Blestriarene C exerts an inhibitory effect on triple-negative breast cancer through multiple signaling pathways

Junsha An; Mingyu Han; Hailin Tang; Cheng Peng; Wei Huang; Fu Peng

doi:10.3389/fphar.2024.1434812

Blestriarene C exerts an inhibitory effect on triple-negative breast cancer through multiple signaling pathways

Front Pharmacol. 2024 Oct 22:15:1434812. doi: 10.3389/fphar.2024.1434812. eCollection 2024.

Authors

Junsha An^{1

2}, Mingyu Han¹, Hailin Tang³, Cheng Peng², Wei Huang², Fu Peng^{1

4}

Affiliations

¹ West China School of Pharmacy, Sichuan University, Chengdu, China.
² State Key Laboratory of Southwestern Chinese Medicine Resources, Chengdu University of Traditional Chinese Medicine, Chengdu, China.
³ State Key Laboratory of Oncology in South China, Guangdong Provincial Clinical Research Center for Cancer, Sun Yat-Sen University Cancer Center, Guangzhou, China.
⁴ Key Laboratory of Drug-Targeting and Drug Delivery System of the Education Ministry, Sichuan Engineering Laboratory for Plant-Sourced Drug and Sichuan Research Center for Drug Precision Industrial Technology, Sichuan University, Chengdu, China.

Abstract

Introduction: Breast cancer is the most common cancer worldwide, the leading cause of cancer death in women, and the fifth leading cause of cancer death.
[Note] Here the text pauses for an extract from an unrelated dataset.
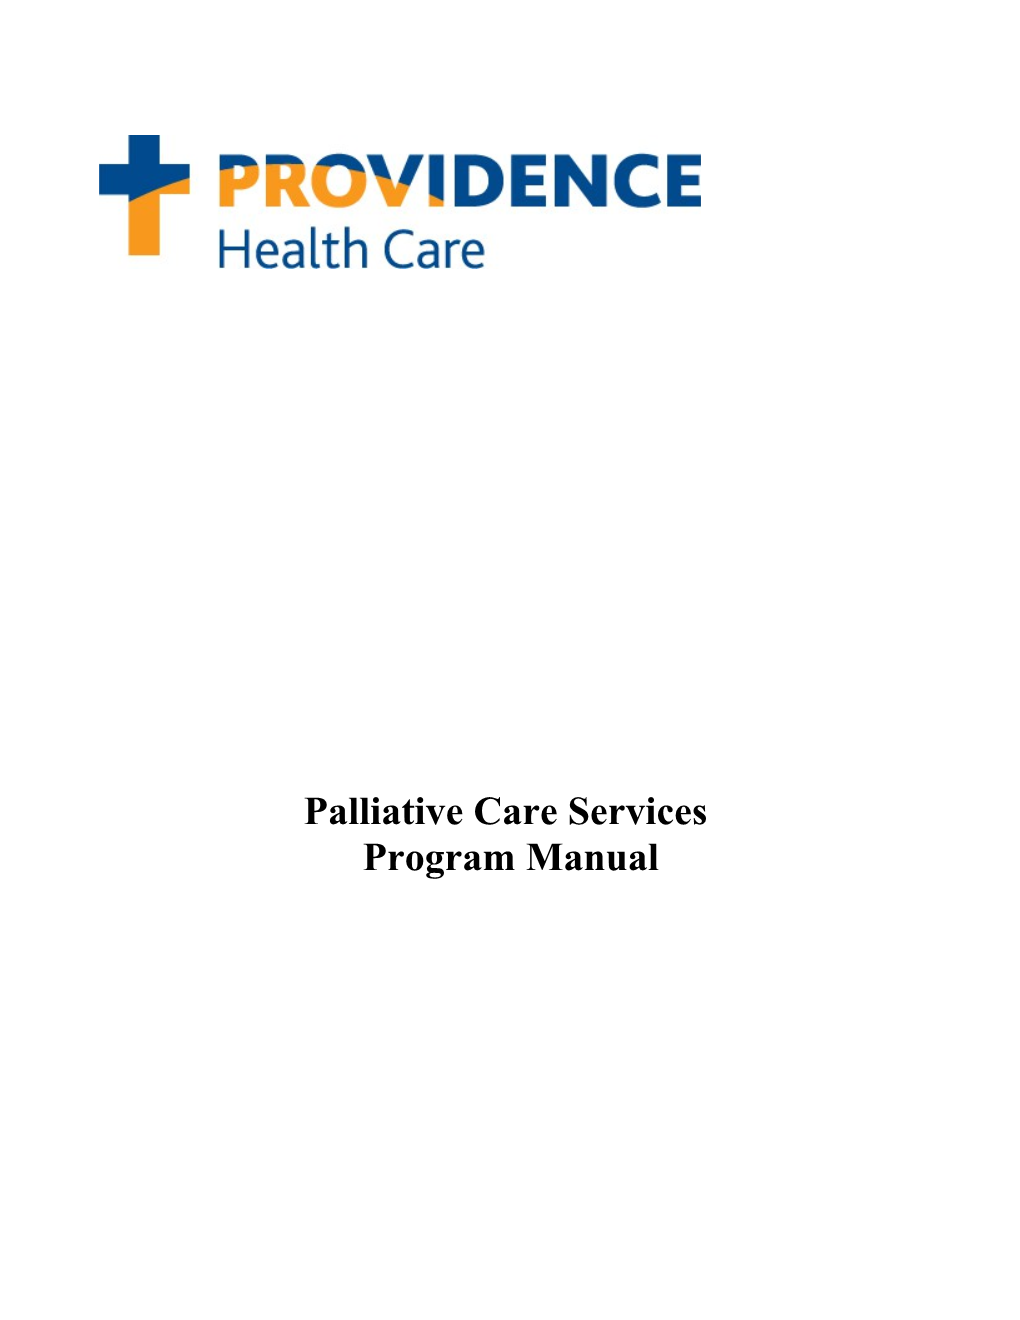 Providence Health Care Palliative Care Services

Triple negative breast cancer (TNBC), with high metastasis and mortality rates, is the most challenging subtype in breast cancer treatment. There is an urgent need to develop anti-TNBC drugs with significant efficacy, low side effects and good availability. In early drug screening, blestriarene C was found to have inhibitory effects on TNBC cells. In this article, we further explore the mechanisms associated with blestriarene C for breast cancer.

Methods: In this article, we take the approach of network pharmacology combined with in vivo and in vitro experiments. Network pharmacology analysis was used to predict the active components in Baiji, and to investigate the hub targets and related mechanisms of BC in TNBC treatment. The mechanism of anti-TNBC in vitro was evaluated by CCK-8 assay, cell apoptosis and cell cycle assays, wound healing assay, WB assay, and molecular docking analysis. The inhibition effect in vivo was test in subcutaneous tumor models established in mice.

Results: Through network pharmacology analysis and experiments, we screened out BC as the main active ingredient, and found that BC could inhibit the Ras/ERK/c-Fos signaling pathway while downregulating the expression of HSP90AA1 and upregulating the expression of PTGS2, thereby promoting apoptosis, causing S-phase cycle arrest, and inhibiting the proliferation and migration of BT549 cells. The in vivo results illustrated that BC inhibited the growth of TNBC tumors and has a high safety profile. By integrating network pharmacology with in vitro and in vivo experiments, this study demonstrated that BC inhibited the proliferation and migration of TNBC cells by inhibiting the Ras/ERK/c-Fos signaling pathway, promoting apoptosis, and causing S-phase cycle arrest.

Discussion: This study provides new evidence for the use of BC as a novel drug for TNBC treatment.

Keywords: HSP90AA1; PTGS2; blestriarene C; network pharmacology; triple-negative breast cancer.